Margaret waves it about her head with her black leather glove-clad hand. My grandmother used to have the exact same pair. “It’s calledSheathed!” she says excitedly. “It’s about the young daughter of a viscount who falls for her tutor, who’s really a spy in disguise.”
“Exciting,” I tell her, appreciating her obvious enthusiasm. I don’t read bodice rippers myself, but Margaret’s passion for them has almost gotten me to try it.Almost.
“I brought along an eye-patch,” Bob says. “I know the man on the cover isn’t wearing one, but I think the idea of it adds a little more mystery, don’t you?”
“Sure,” I tell him. I have no real opinion on the topic. I figure, whatever makes them happy. I briefly wonder why I wasn’t thinking that the day I took pictures of Thomas. He clearly wasn’t happy.
“Why don’t you two get ready,” I say. “I’ll run next door and pick up coffees. You want your usual?”
“Two decaf, low-fat Americanos with one raw sugar each,” Bob confirms. Even their coffee order suggests they’re a boring middle-aged couple.
I hurry out the front door of Happy Snaps and stride down the street to Rosemary’s. The bakery has been part of Elk Lake’s history for more than thirty years. Their gingersnaps alone make the trip worthwhile, but I have yet to try anything mediocre.
Faith Helms, the owner, and my realtor’s best friend, greets me. “Good morning, Finley.”
“Hey, Faith,” I say, offering her a big smile. There are some people in this world that are so genuinely kind they make you feel like the sun is shining even at night. Faith is one of those people.
After I give her my order, she says, “I see you’ve got Allie’s parents again, huh?” She must know everyone in town by their coffee orders. After I nod my head in confirmation, she adds, “I’d love to see some of the stuff they do.”
“I’m sure they’d show you if you asked,” I tell her. Margaret and Bob are unexpected exhibitionists. Not only do they like to have their picture taken, but they also let me use some of them to advertise with. That’s how Allie and I met. I had a sandwich board of her parents in front of my shop, and she nearly ran her car off the road. She came in and demanded to know what was going on.
“I was thinking it might be fun for Teddy and me to do something like that for our anniversary,” Faith says. “I’m just worried he’ll be hesitant because he’d never want the press to find out.” Her husband, Teddy, is an honest-to-goodness Hollywood movie star who’s best known for his portrayal of Alpha Dog in the Wonder pictures.
“I can’t imagine how the press would ever know,” I tell her. “We could do it all hush-hush. I’d even sign a non-disclosure agreement if you’d like.”
Her eyes sparkle with anticipation. “Let me talk to him and I’ll get back to you.”

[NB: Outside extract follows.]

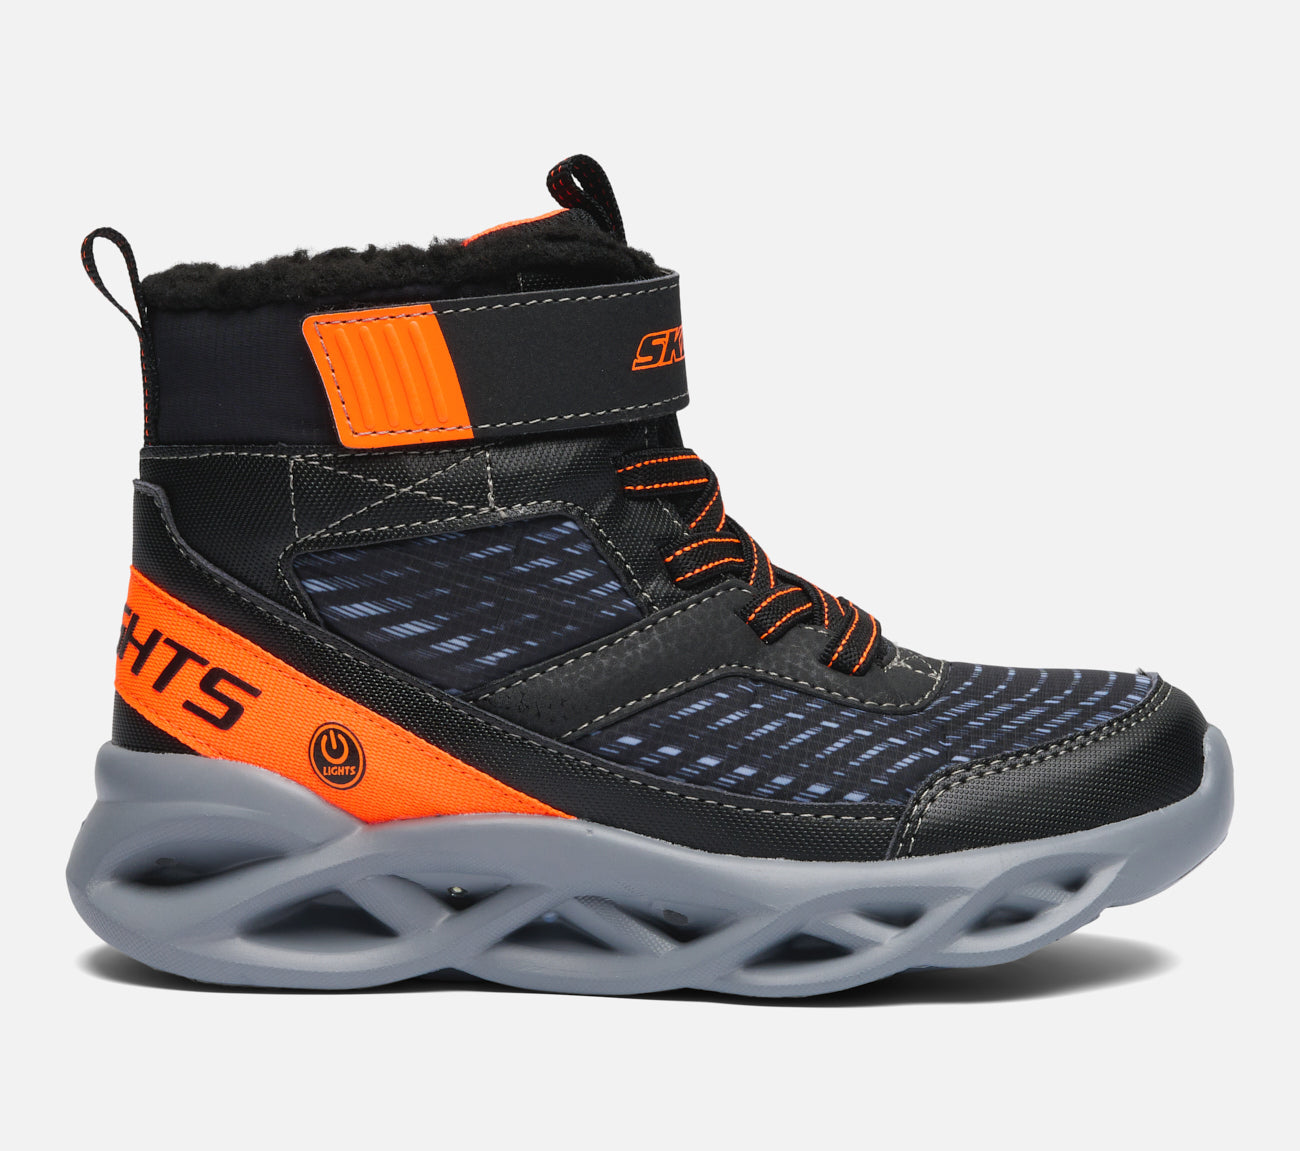 Twisted Brights Boot Skechers

Faith puts three large gingersnaps in a bag and hands it to me. With a wink, she says, “A little added spice for the spicy couple you’re shooting.”

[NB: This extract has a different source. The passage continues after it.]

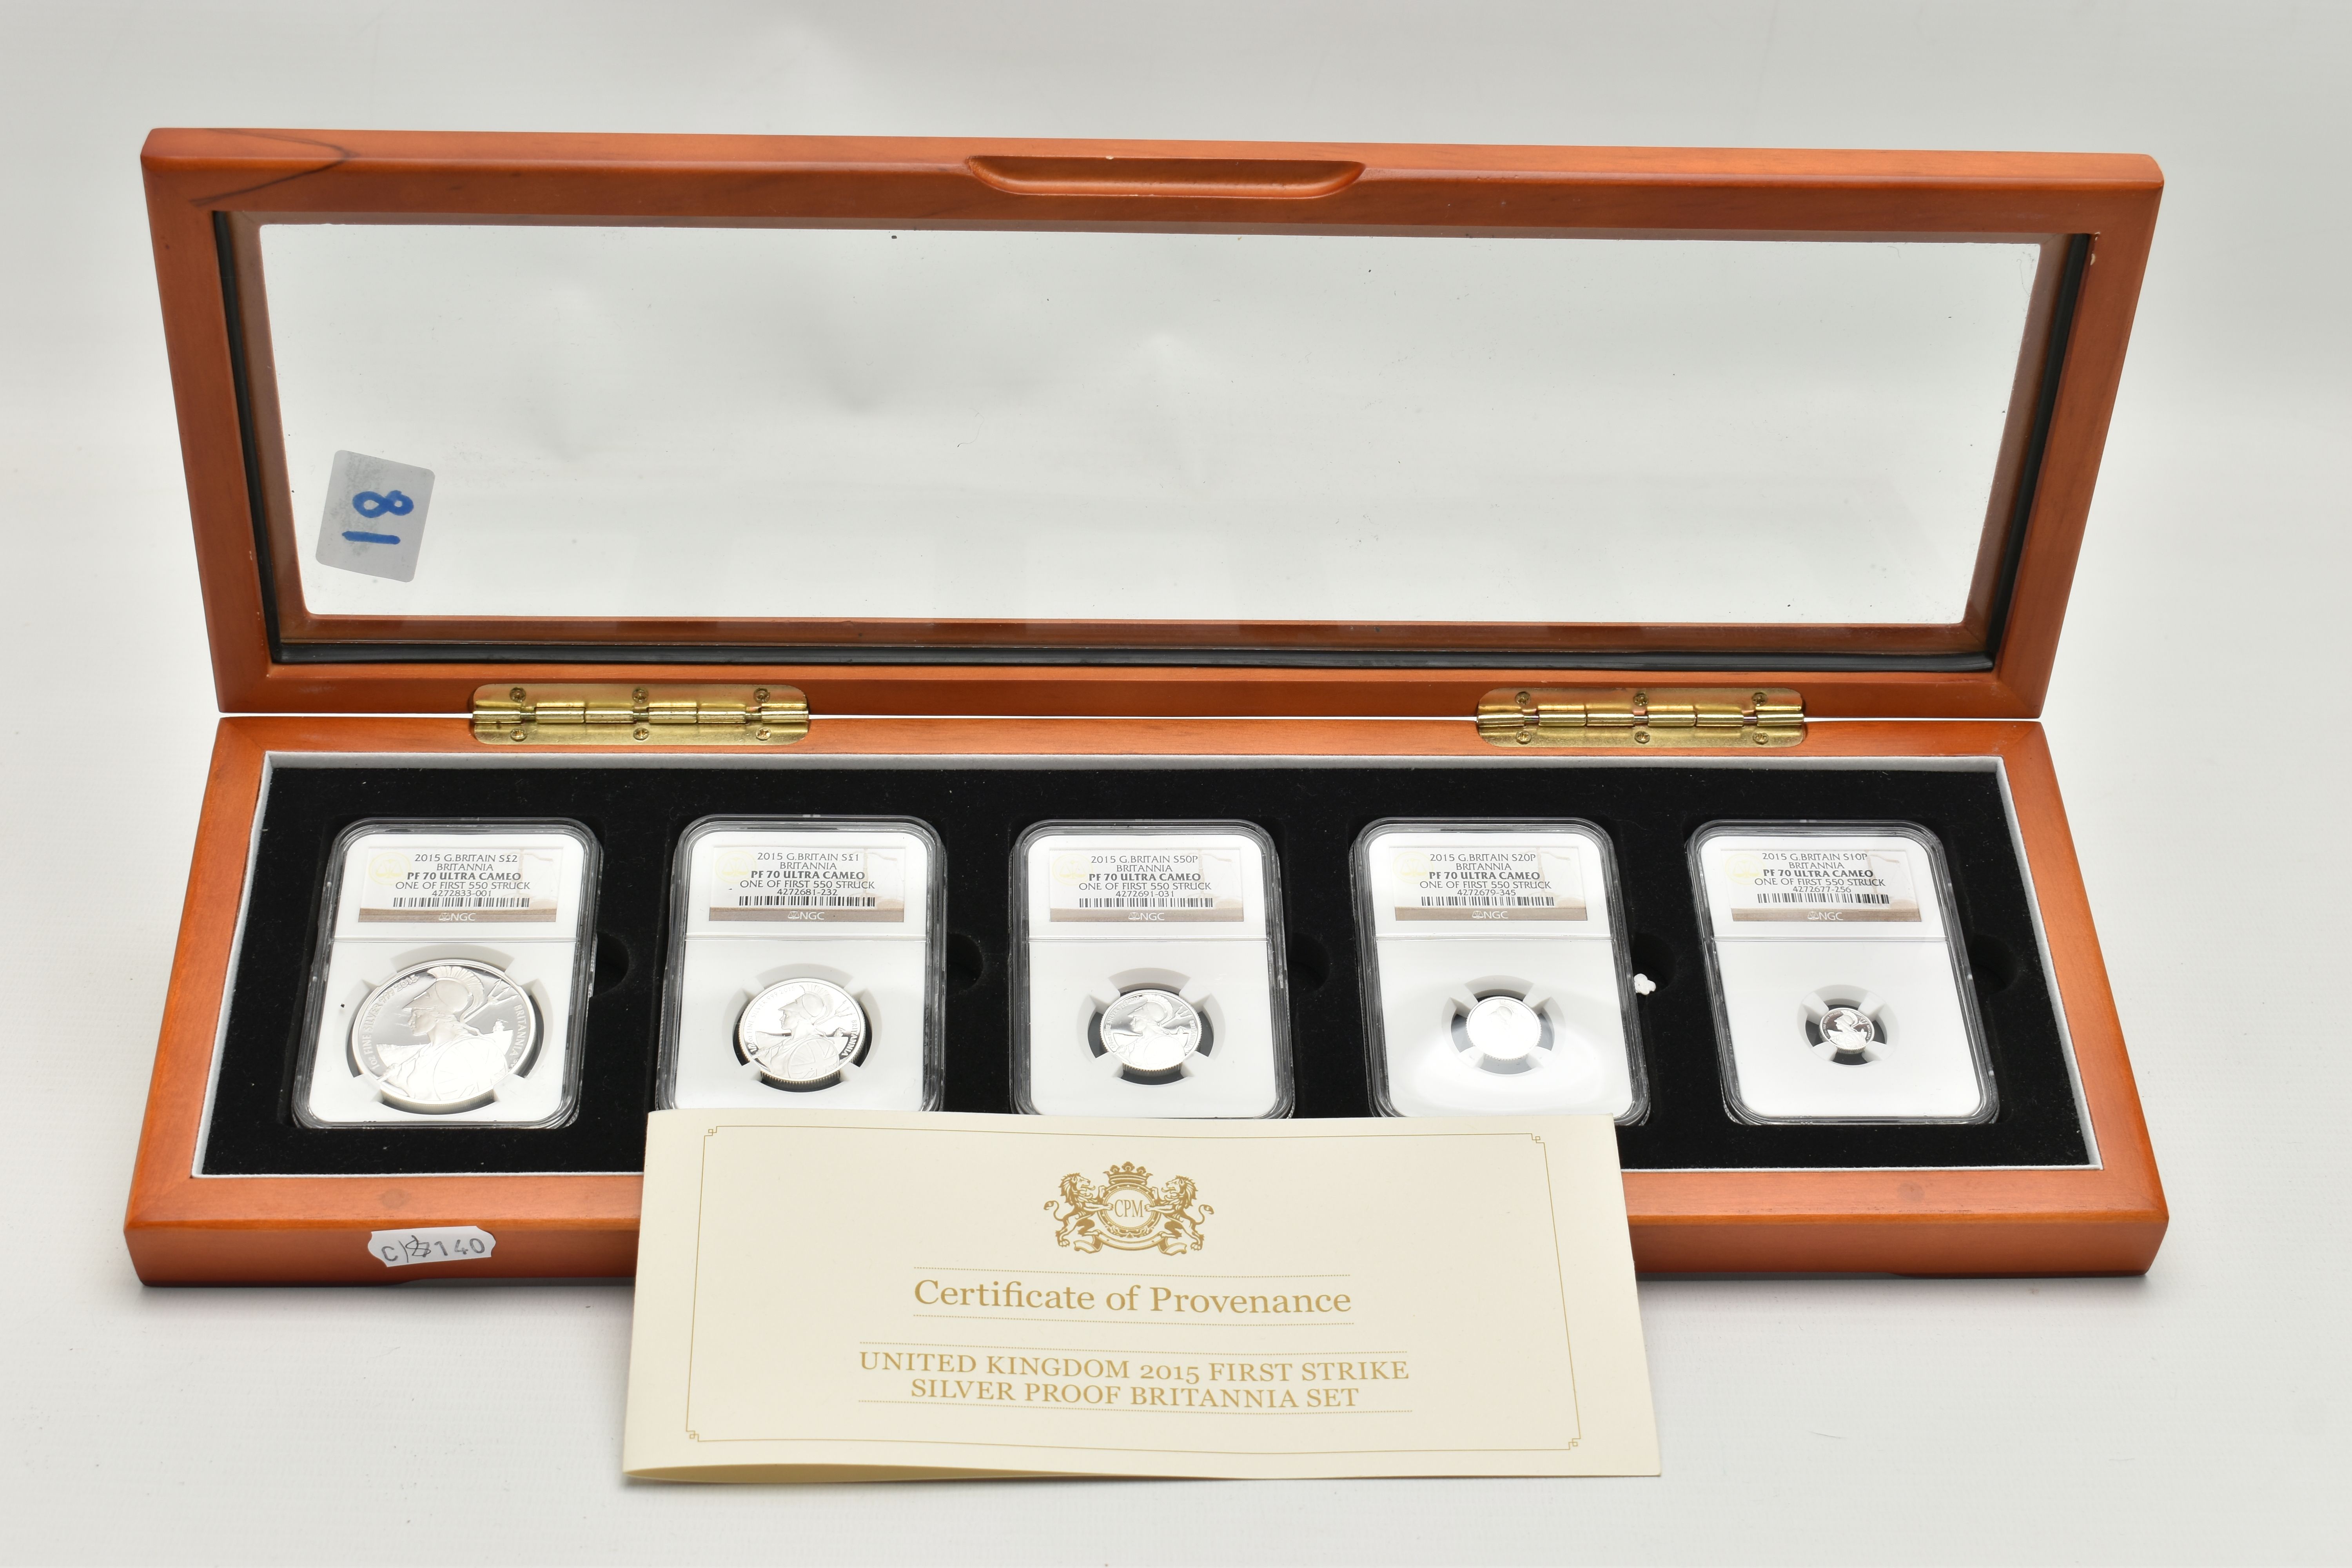 A UNITED KINGDOM 2015 FIRST STRIKE SILVER PROOF BRITANNIA SET, to include all coins slabbed and

“That’s very nice, thank you.” I remind myself that this town is filled with the loveliest people. Even if Constance does bad-mouth me, I’m guessing most won’t believe her. At least I hope not.
For me, the worst part of being on the spectrum has been that I don’t really trust how others perceive me. I’ve learned that just because they act like they like me doesn’t necessarily make it so, which goes to the trouble I have reading tone.
I’ve gotten better at it in recent years, but in college, there was a girl who lived on my floor who I thought I was friendly with. She was a little odd, but I’ve always been very accepting of people’s differences. One day, I mentioned her to my roommate and Lilly told me I needed to stand up for myself and quit letting Felicia make fun of me right to my face.